C'est au nom de la préservation et de la diffusion de notre culture que nous devons investir dans l'innovation technologique et le rayonnement international.
L'écosystème culturel d’ici doit désormais regarder au-delà de la simple production de contenu. Il est temps d'investir davantage dans le développement des technologies de demain et l’export de notre créativité. Pour survivre et prospérer, les moteurs des industries créatives de demain seront un mélange d'innovations technologiques et de création de contenu original destiné à un public mondial.
La transformation des entreprises de contenu en entreprises techno-créatives est la voie à suivre pour prendre notre place dans le monde moderne. Bien que cela puisse sembler exagéré, il suffit de jeter un coup d'œil aux acteurs clés sur le marché, tels que Disney, Meta, ByteDance, Netflix, Amazon, Google, Spotify, Microsoft, Apple, Epic Games, et Comcast. Toutes ces entreprises, plateformes de contenus, ont une base technologique solide et une portée internationale. En d'autres termes, contrôler les canaux de distribution et la relation avec l’audience est devenu essentiel afin d’influencer la création de contenu et développer une certaine autonomie culturelle.
À mesure que le paysage des médias et du divertissement se redessine à vitesse grand V, les leaders de l'industrie doivent s’éloigner des méthodes traditionnelles et adopter une approche agile alimentée par les nouvelles technologies. Le Québec ne peut pas se soustraire à cette évidence.
Les grands leaders mondiaux accélèrent déjà l’exploitation des technologies immersives, d’intelligence artificielle, en plus de s’investir dans l’économie des créateurs pour créer de nouvelles façons d'interagir avec le public.

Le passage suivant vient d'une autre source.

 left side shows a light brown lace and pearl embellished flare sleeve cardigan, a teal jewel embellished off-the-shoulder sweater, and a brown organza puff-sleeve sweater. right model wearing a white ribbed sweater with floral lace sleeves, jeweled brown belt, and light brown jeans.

Un public qui cherche et consomme autrement. Selon une étude de la réputée firme Bain & Co., près de la moitié des personnes âgées de 13 à 34 ans préféreraient socialiser avec leurs pairs dans les jeux vidéo plutôt que sur d’autres plateformes, incluant les relations humaines! D'ici 2030, la firme McKinsey estime que plus de 50 % des événements collectifs pourraient avoir lieu dans les mondes virtuels (métavers). On peut avoir notre propre opinion à ce sujet, mais on ne peut fuir cette réalité.
À mesure que les frontières entre la technologie et le contenu deviennent de plus en plus fusionnelles, une chose est claire: le secteur tel qu’on le connait devra passer à l’ère des industries créatives 4.0.

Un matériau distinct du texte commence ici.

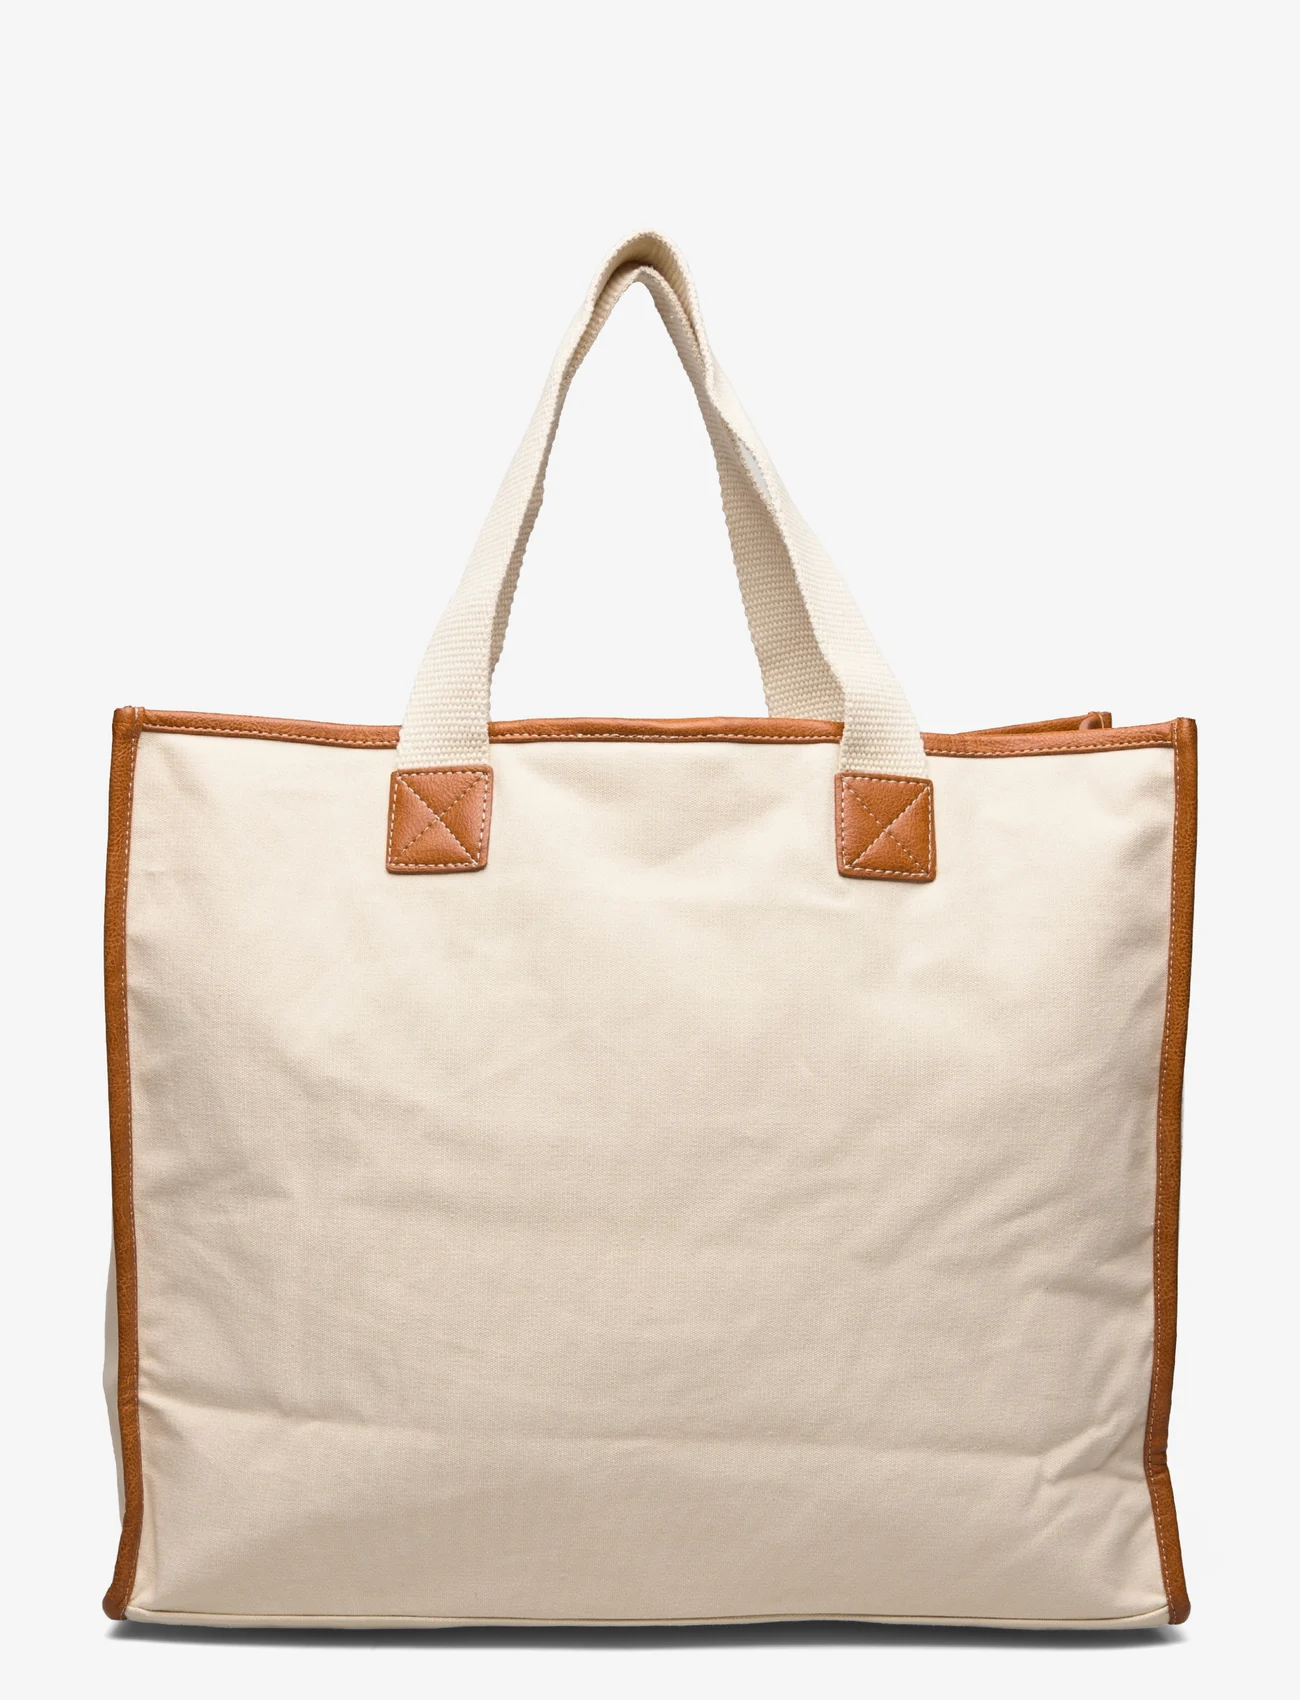 Seafolly - CarriedAway Canvas Tote - torby tote - sand - 1

Devant une perturbation inévitable de l'industrie, l’écosystème local doit réagir de manière proactive pour rester compétitif. Les industries créatives, qu'il s'agisse d'entreprises privées, d'entités publiques ou d'institutions culturelles, doivent adopter un plan d'action ambitieux axé sur l'innovation technologique et voir la planète comme terrain de jeu. À cet égard, nous pourrions nous inspirer de la stratégie sud-coréenne qui a conduit à l'oscarisation du film Parasite, à l'expansion rapide de son contenu, comme Squid Game, à la popularisation du esport, à la dominance dans le jeu vidéo, et à la montée en flèche de la musique K-Pop. Le succès international de la Corée du Sud est largement dû aux investissements croisés et aux synergies entre les créatifs et les experts en technologie du pays. Le monde gagnerait à savourer le génie et la créativité québécoise, les acteurs du secteur bénéficieraient à rayonner pleinement partout à travers la planète.

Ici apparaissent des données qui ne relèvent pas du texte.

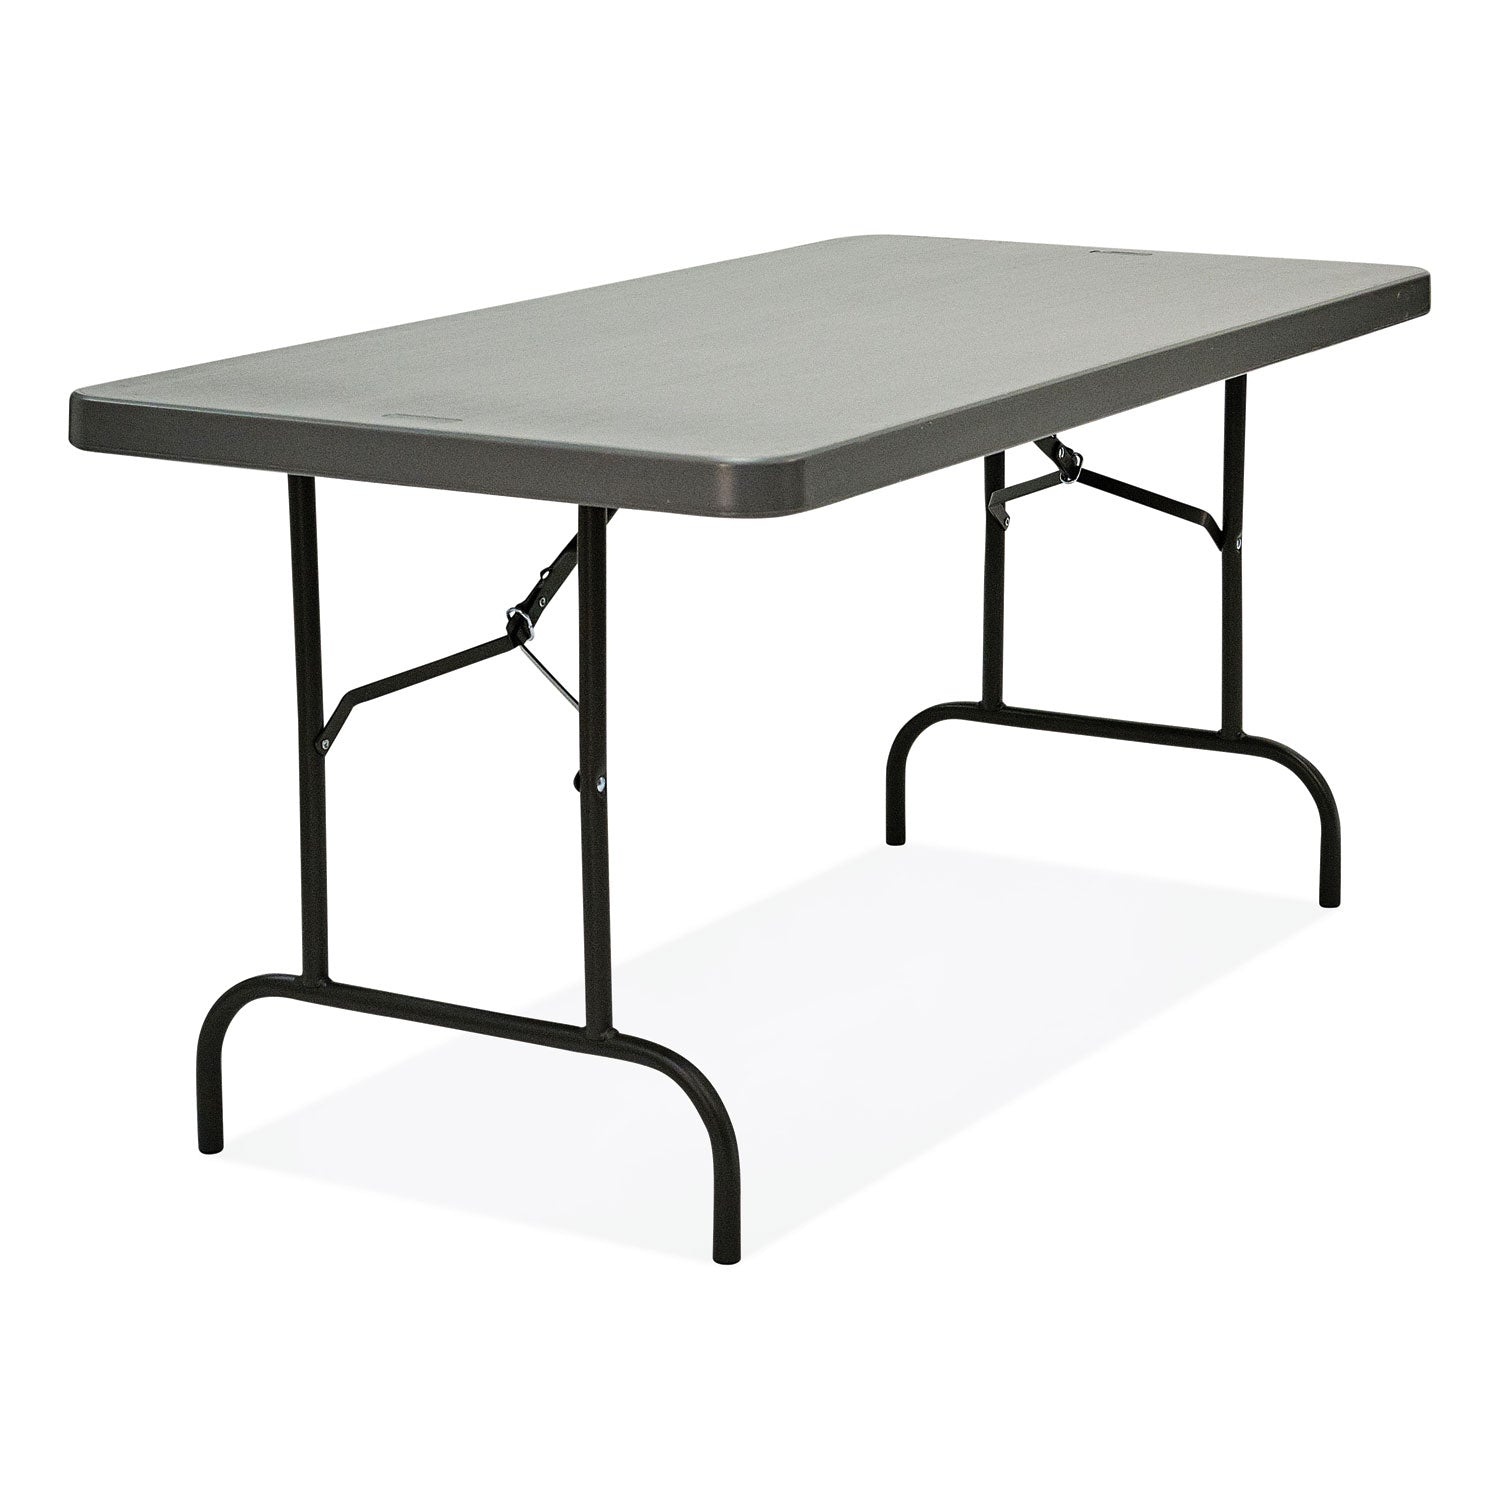 indestructable-commercial-folding-table-rectangular-60-x-30-x-29-charcoal-top-charcoal-base-legs_ice65517 - 4

Le Québec et le Canada possèdent tous les éléments nécessaires pour prendre une place de choix sur l'échiquier moderne des industries créatives. L’avenue règlementaire et les aides d’urgence s’avèrent réparatrices, mais ne peuvent être les seules options. Nous devons miser sur notre audace, notre ingéniosité, notre ouverture sur le monde, et surtout, nous devons nous engager résolument à entreprendre différemment. On ne peut que subir les impacts des nouvelles technologies et de la mondialisation, il faut aussi en tirer profit et influencer positivement l’avenir des industries créatives avec nos valeurs québécoises. La meilleure défense est souvent l’attaque!